Michael C. B. Ashley is an Australian astronomer and professor in the school of physics at the University of New South Wales (UNSW), in Sydney. He is most famous for his work in Antarctica, with the study of the seeing capability at Dome C.

== Education ==
Ashley graduated in 1981 as BSc from Australian National University, in 1983 as MSc in astrophysics from Caltech, and in 1989 as PhD in astronomy. While completing his PhD, he worked as a consultant on the Endeavour project (an ultraviolet imaging experiment on the Space Shuttle) and worked at the Anglo-Australian Observatory as a research assistant.

== Career ==
After graduating in 1989, Ashley joined the faculty of the School of Physics, UNSW.

=== Antarctica and Dome C ===
Ashley has led teams to Antarctica on four separate trips, in 1995, 1998, 2001, and 2004 to conduct experiments and take measurements of the near-infrared quality and brightness of the sky.

In September 2004, Nature published a report written by Jon Lawrence, Michael Ashley, Andrei Tokovinin, and Tony Travouillon on the seeing abilities of astronomical telescopes in Antarctica.
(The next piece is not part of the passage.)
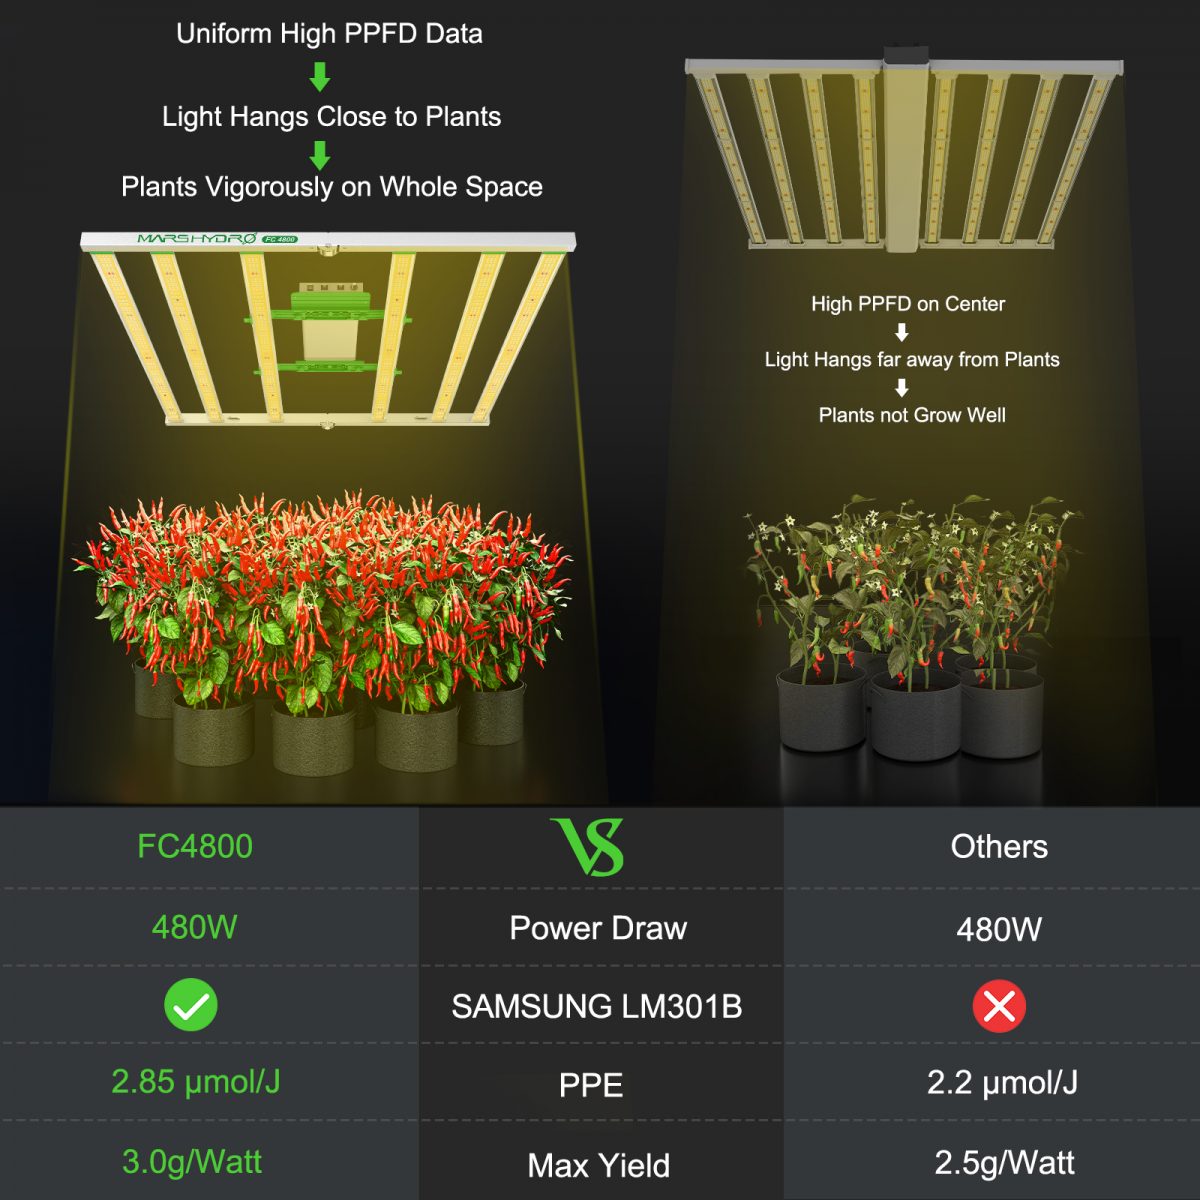 Powered By Samsung LM301B Diodes: The Mars Hydro FC 4800 480-watt LED grow light is installed with high-performance Samsung LM301B chips, the top-bin horticultural diodes, to provide a high Photosynthetic photon efficacy efficiency of 2.85 μmol/j and a long-lasting color rendering capability, supporting indoor plants to grow and thrive.
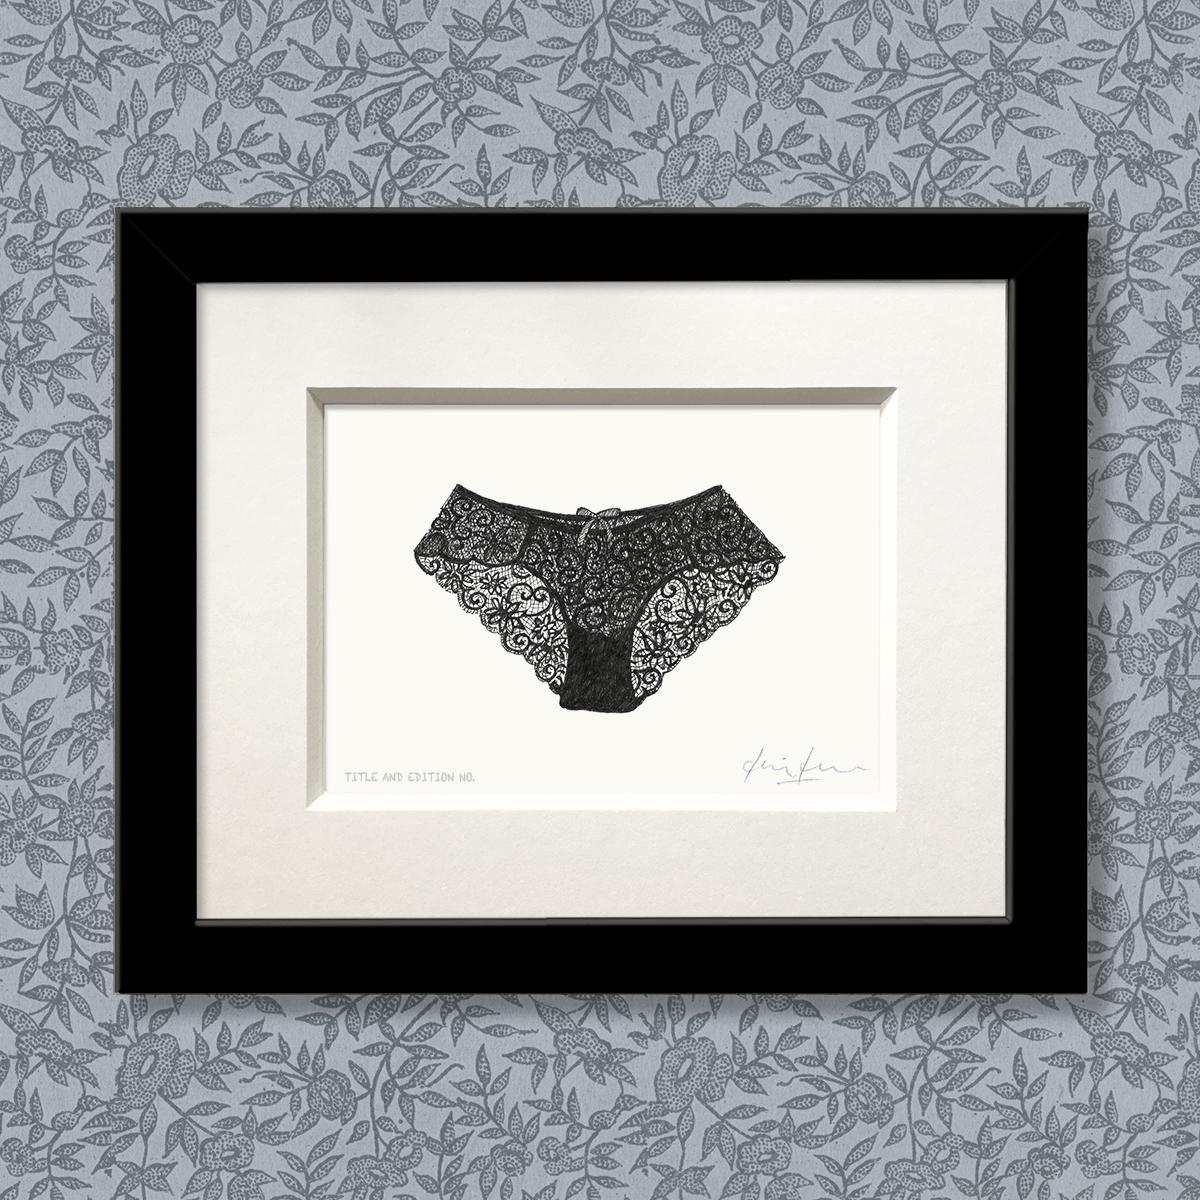 Limited edition print from pen and ink drawing of a pair of lacy knickers in a black frame

The paper concluded that the area known as "Dome C" would be "the best ground-based site to develop a new astronomical observatory". The data used in this report was collected by a remote control experiment run through the French-Italian Concordia Station near Dome C.

It was found that pictures taken from a telescope at Dome C are, on average, 2.5 times better than those taken at observatories elsewhere. This discovery has been lauded as finding the clearest skies on Earth.